Mitochondrial DNA and Athletic Performance in Thoroughbreds
In 2006, Harrison and Turrion-Gomez reported a relationship between mitochondrial DNA (mtDNA) haplotypes and athletic performance in the Thoroughbred (Harrison & Turrion-Gomez, 2006). Mammalian mitochondrial DNA haplotypes are inherited exclusively from the female parent and therefore solely represent female contributions to the phenotype. The mtDNA data presented by Harrison and Turrion-Gomez purported to support the traditional belief that particular Thoroughbred female lines were superior to others (Lowe & Allison, 1913; Bobinski & Zamoyski, 1960) and that mtDNA sequence variation was associated with a considerable female contribution to stamina potential. In this regard, previous work by one of the authors of this chapter demonstrated that a number of Thoroughbred female lineages had been found to contain mitochondrial haplotypes that were unexpected in the family lines, which suggested, therefore, that the prediction of performance aptitude required verification of mtDNA haplotype (Hill et al., 2002). However, more recently, it has been shown that female family sublineages are a more accurate reflection of mtDNA ancestry and that many of the errors in the stud book occurred early in the foundation stages (Bower et al., 2011). Mitochondrial DNA haplotypes may therefore be directly inferred from pedigree information with reasonable confidence if subfamily lineages are considered.
Some breeders emphasize the importance of the mitochondrial genome to performance in the Thoroughbred. Indeed, the eukaryotic mitochondrion is essential for cellular metabolism and its principal function is to support aerobic respiration. Several metabolic pathways operate within the mitochondrion, including the Krebs cycle (citric acid cycle), β-oxidation of fatty acids, and lipid and cholesterol synthesis. Mitochondria possess a discrete circular DNA genome, which in mammals is approximately 17 kilobases (kb) in size. The mitochondrial genome encodes 13 proteins that are subunits of the respiratory chain and oxidative phosphorylation system (OXPHOS) (Scheffler, 2008). Although these 13 mtDNA-encoded protein subunits are essential for respiration, 72 of the 85 subunits of the OXPHOS system are actually encoded by genes within the nuclear genome that are subject to conventional biparental Mendelian patterns of genetic transmission and inheritance. However, it is important to note that recent work has described statistical associations between mitochondrial haplotypes and endurance in human athletes, but small sample sizes, ethnic heterogeneity, and conflicting results from different surveys currently obscure the significance of these observations, and more detailed studies will be required to clarify the exact nature of any mitochondrial genetic contributions to human athletic performance (Bray et al., 2009; Ostrander et al., 2009; Rankinen et al., 2010). Significantly, in this context, more than 1,500 proteins – encoded by genes on nuclear chromosomes – function within the mitochondrion (Scheffler, 2008). Therefore, it is most likely that mitochondrial functions relating to athletic performance are influenced primarily by genetic variation in the nuclear genome.

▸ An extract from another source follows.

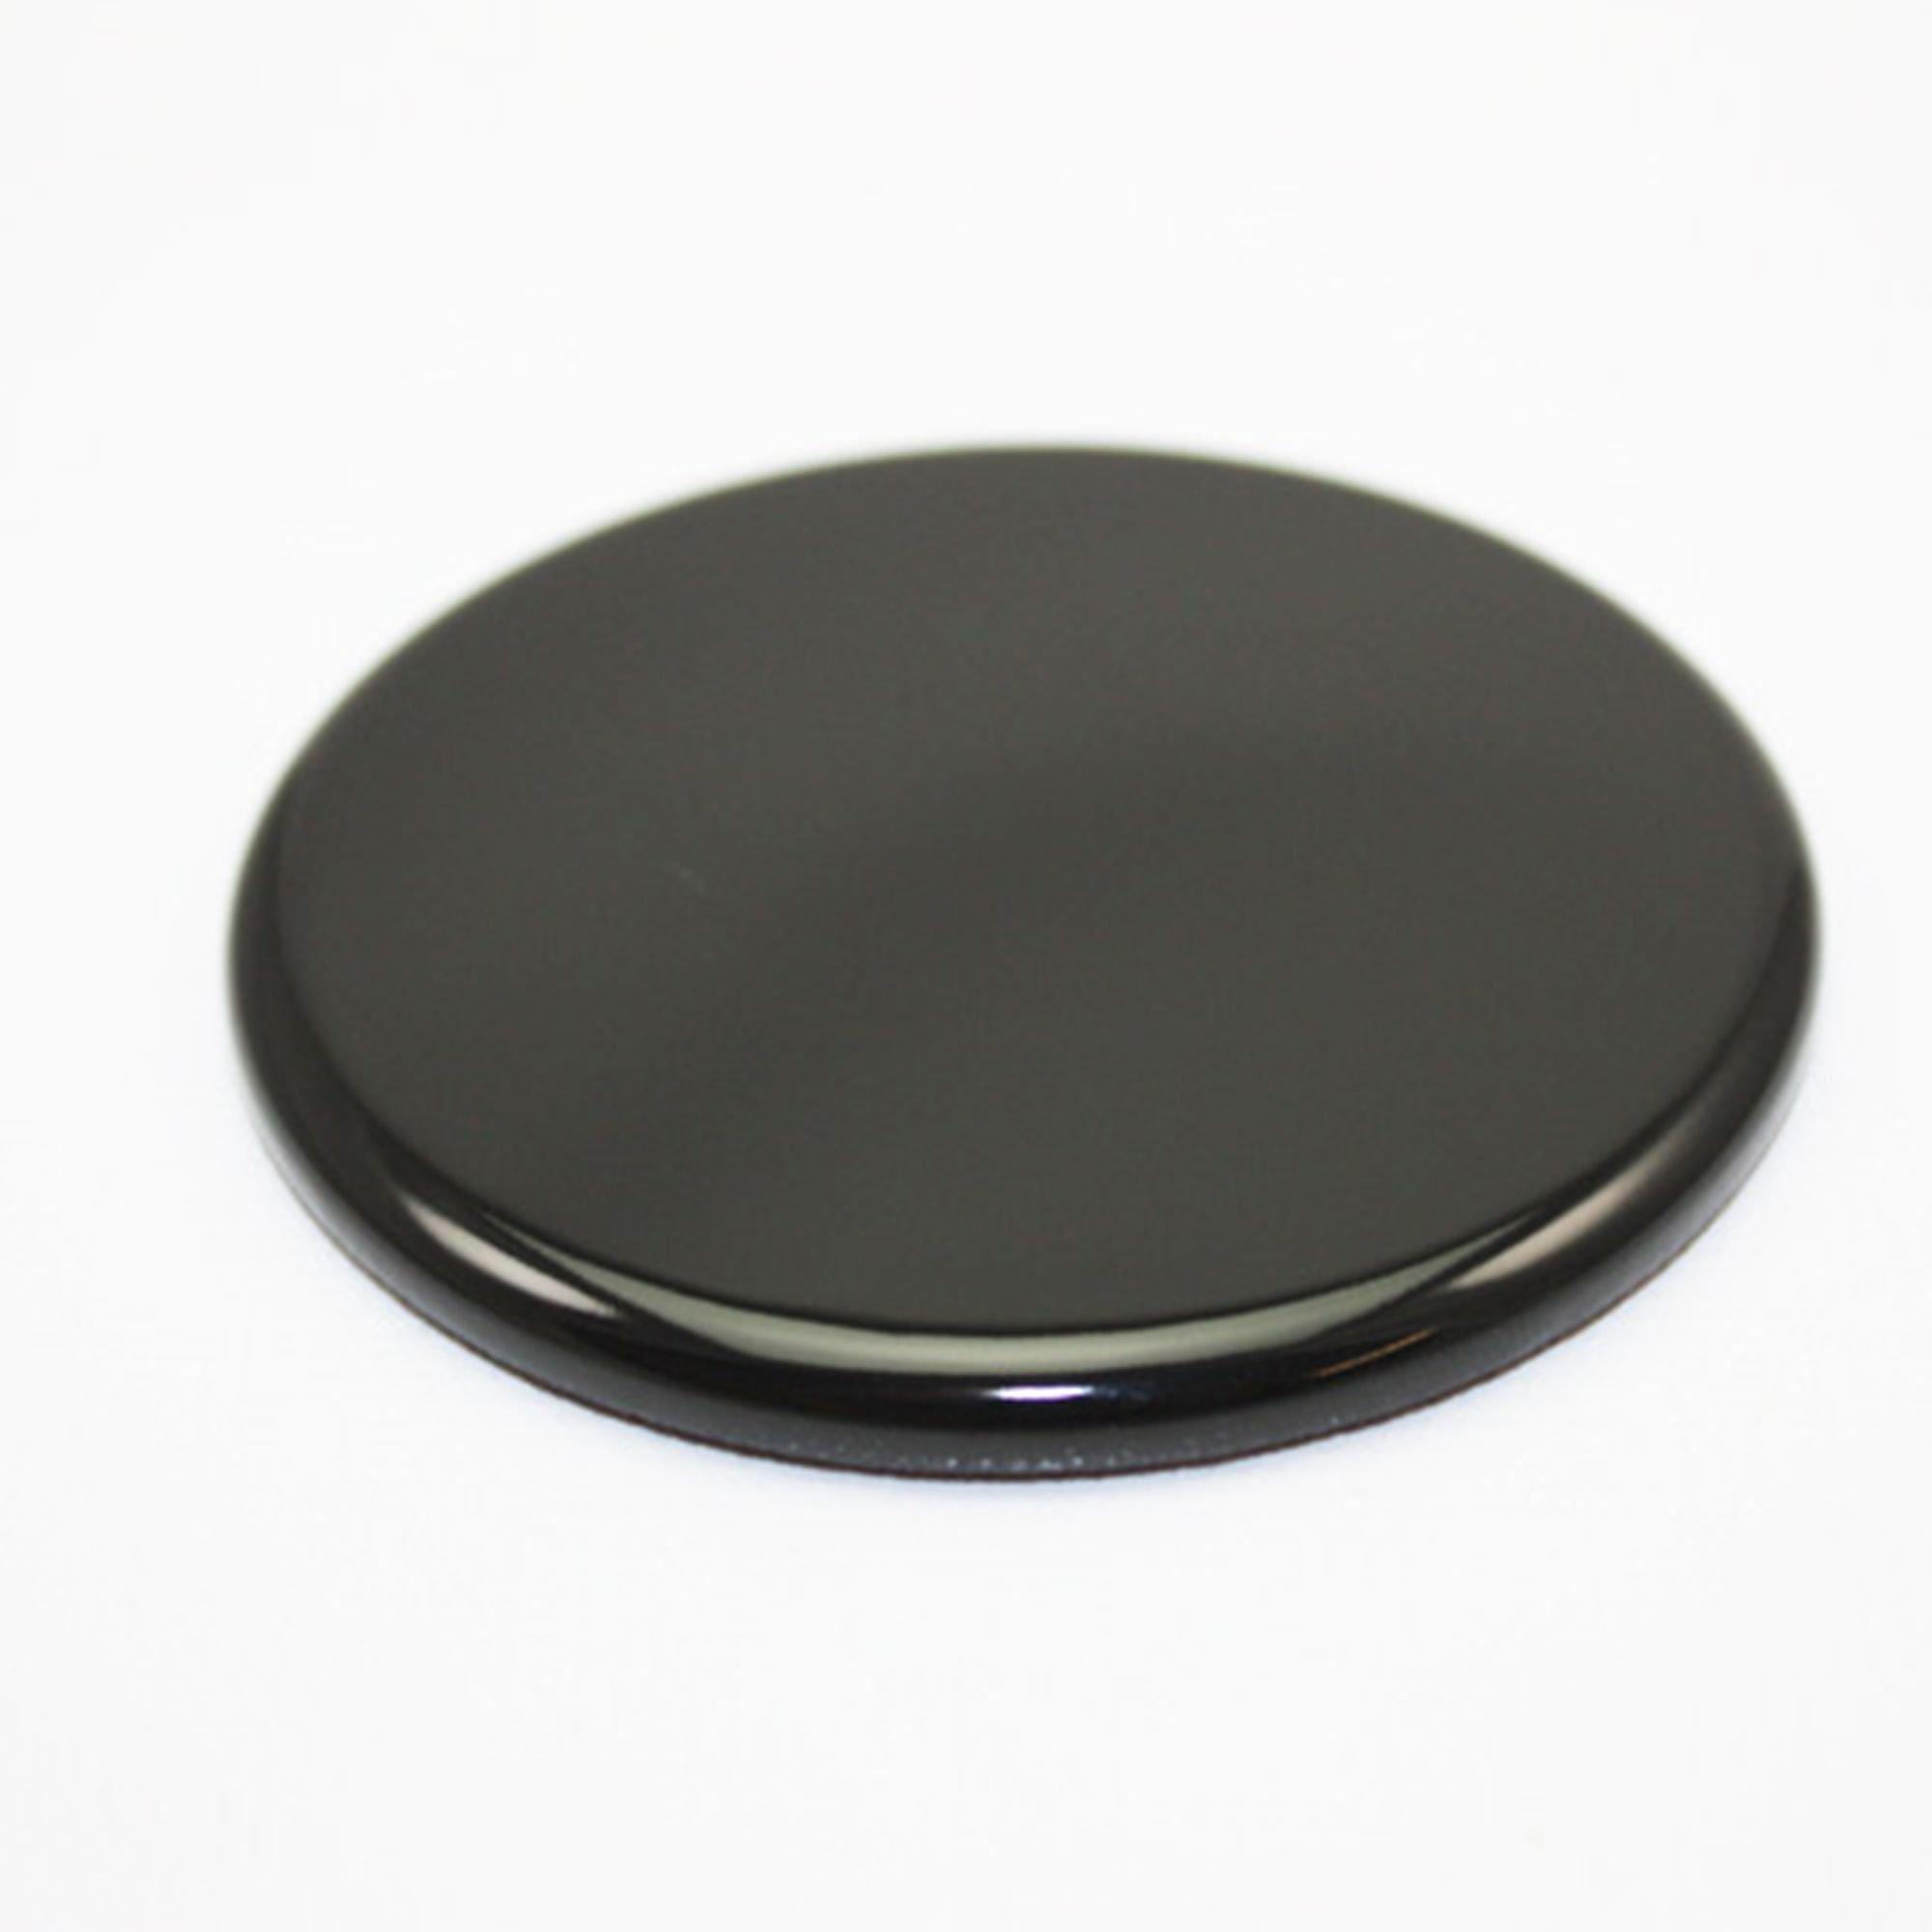 Whirlpool Part Number 3191901: Cap, Burner (LF, LR, RF) (Black)

Detection of Genomic Regions under Selection in the Thoroughbred Genome
Natural selection for athletic traits among the wild ancestors of the domestic horse has been uniquely augmented in Thoroughbreds through recent and strong artificial selection. Domestic animal species provide unique opportunities to identify genes underlying specific phenotypes that have been strongly selected because discrete breeds have arisen relatively recently from a small number of founder animals (Georges, 2007; Sellner et al., 2007; Goddard & Hayes, 2009). The Thoroughbred breed is a closed population established in the sixteenth and seventeenth centuries from crosses between local Galloway and Irish hobby horses with imported Eastern stock (Willett, 1975). As with many domestic breeds, the Thoroughbred originates from a small number of founders; just one founder stallion contributes to 95% of paternal lineages and ten founder mares account for 72% of maternal lineages (Cunningham et al., 2001). However, despite a limited number of founders and strong selection for racetrack performance, some 35–55% of variation in racing performance is heritable (Gaffney & Cunningham, 1988; Mota et al., 2005). Consequently, the demographic history of the Thoroughbred coupled with the intense recent selection for athleticism offer a unique opportunity to understand genomic contributions to exercise-related traits.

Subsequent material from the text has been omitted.